- **Material for this exercise**
※

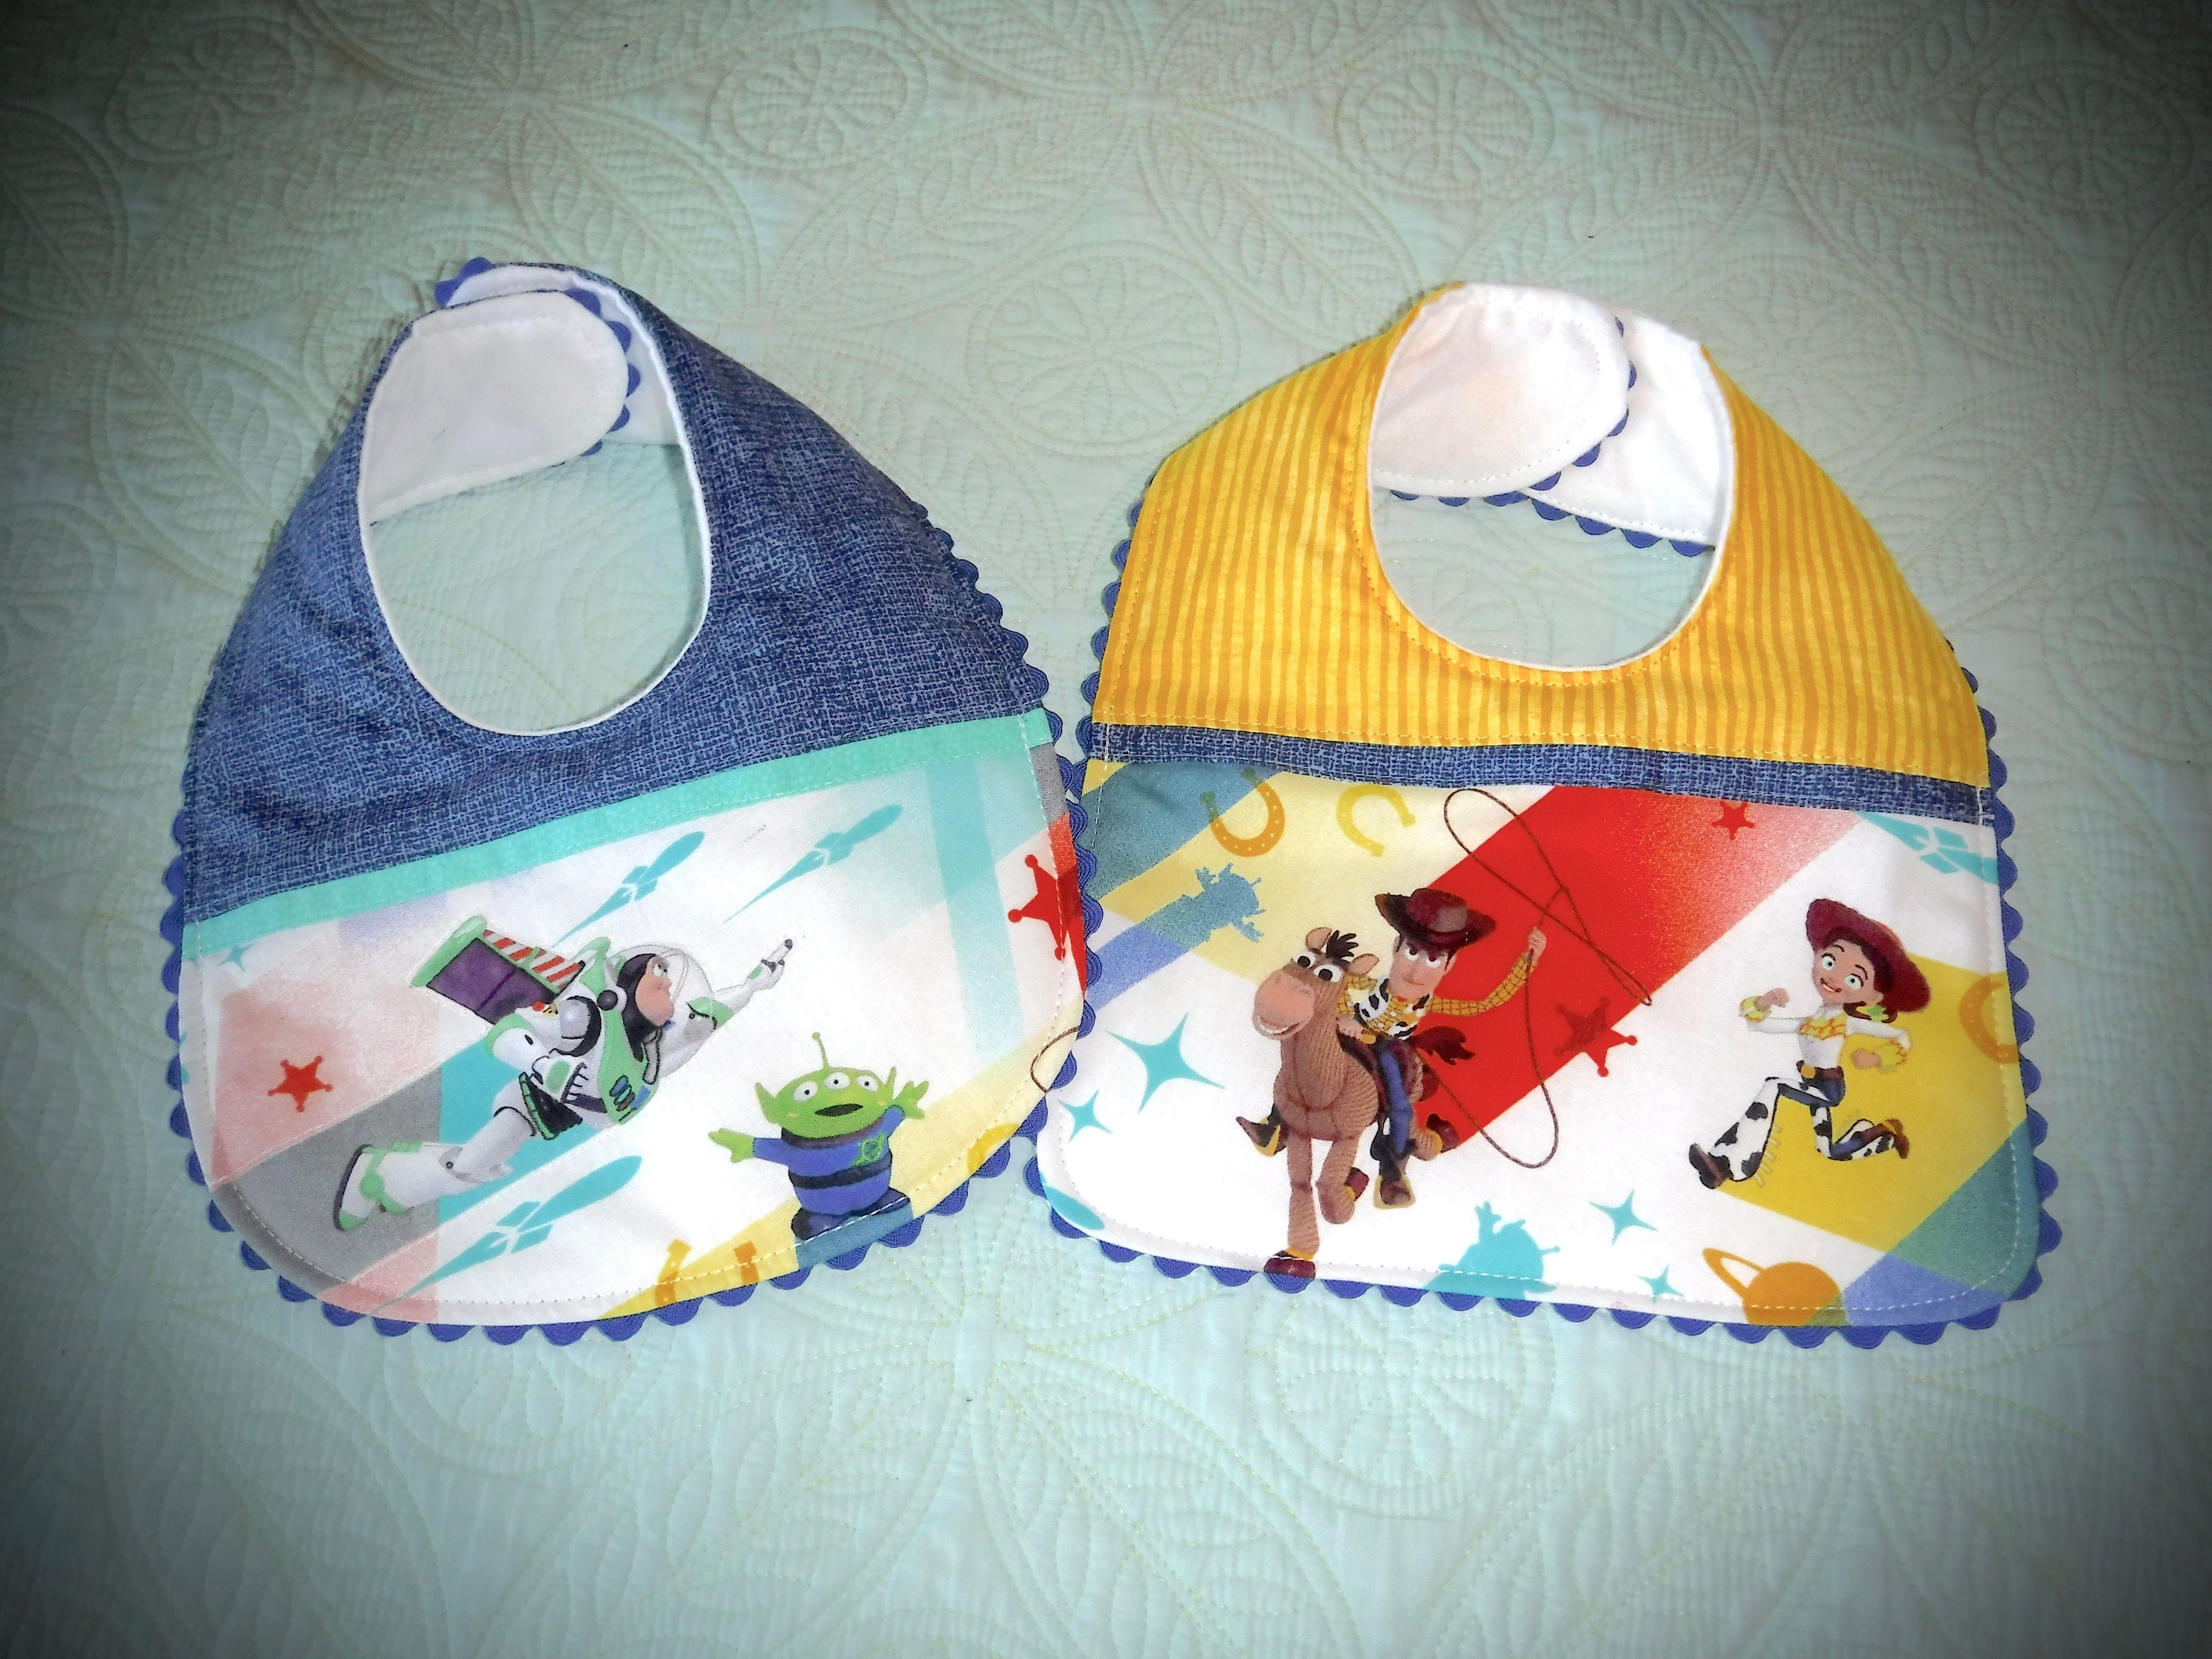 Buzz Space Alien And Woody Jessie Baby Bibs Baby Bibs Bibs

※

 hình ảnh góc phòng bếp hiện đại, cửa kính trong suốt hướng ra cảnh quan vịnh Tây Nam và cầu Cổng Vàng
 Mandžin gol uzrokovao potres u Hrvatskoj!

※

- **Exercise prompt**
Starting at the line that has "hình ảnh góc" in the records above, restate word for word every line until the one that has "Mandžin gol uzrokovao potres u Hrvatskoj!", and include that one as well.

- **Answer to the exercise**
 hình ảnh góc phòng bếp hiện đại, cửa kính trong suốt hướng ra cảnh quan vịnh Tây Nam và cầu Cổng Vàng
 Mandžin gol uzrokovao potres u Hrvatskoj!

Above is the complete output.